Avant que l’eau potable n’arrive dans les maisons, une ingénieuse organisation permettait déjà à chacun d’en profiter. Une cuve perchée sur le toit alimentait les éviers du château et la cuisine du régisseur. Plus loin, un foudre caché et des tuyaux enterrés apportaient l’eau aux métayers, jusque dans leurs gestes du quotidien. Rien n’était laissé au hasard.


Puis il y avait la cloche.


Suspendue à l’entrée, elle ne sonnait pas pour annoncer de grands événements, mais pour rassembler. À l’heure de la traite, son tintement appelait les familles. Chacun arrivait avec son récipient, dans une simplicité presque rituelle, comme un moment partagé qui rythmait les journées.

La vie, ici, était faite de travail, mais aussi de liens. Dans l’écurie, trois percherons puissants et une vache participaient à la vie du domaine. Autour, le potager, les poules, les lapins, les pigeons et les cochons assuraient la subsistance de tous. Chaque famille de métayers avait le sien, installé près du portail. On raconte même que le petit-fils du régisseur aimait parfois les faire courir… et que, ces jours-là seulement, le grand portail était fermé, de peur de voir toute la petite troupe s’échapper dans la campagne.


Mais le domaine ne s’arrêtait pas aux murs du château.
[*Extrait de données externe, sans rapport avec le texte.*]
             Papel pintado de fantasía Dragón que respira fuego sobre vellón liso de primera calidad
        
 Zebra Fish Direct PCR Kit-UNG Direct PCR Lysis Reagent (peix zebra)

Les terres environnantes appartenaient elles aussi à la famille, et l’on y cultivait la vigne pour produire le vin du domaine. À la saison des récoltes, de nouvelles familles venaient prêter main forte, apportant avec elles une animation particulière, comme si le château s’agrandissait le temps d’un été. Puis, une fois les vendanges terminées, le calme revenait, et chacun se consacrait à l’entretien du parc et des jardins, perpétuant ainsi le rythme naturel des saisons.


Et puis, une fois la journée terminée, la cour s’animait autrement. Les outils posés, les rires prenaient le relais. Les parties de pétanque rassemblaient les familles, et dans la douceur du soir, le château devenait un lieu de partage, presque une grande maison où l’on restait pour la vie.

Le temps a passé. Les voix se sont tues, les habitudes se sont effacées, mais quelque chose est resté, comme une empreinte invisible dans les murs.


Lorsque nous avons découvert le Château de la Seigne, en décembre 2020, il ne demandait qu’à revivre. Derrière les pierres fatiguées, on devinait encore les échos de cette vie d’autrefois. Alors, en mai 2021, nous avons commencé les travaux. Lentement, pièce après pièce, nous avons entrepris de lui redonner souffle.


Aujourd’hui, chaque mur restauré, chaque détail retrouvé, semble raconter à nouveau cette histoire. Comme si le château n’avait jamais vraiment cessé de vivre… et qu’il attendait simplement que quelqu’un vienne, à son tour, en écrire la suite.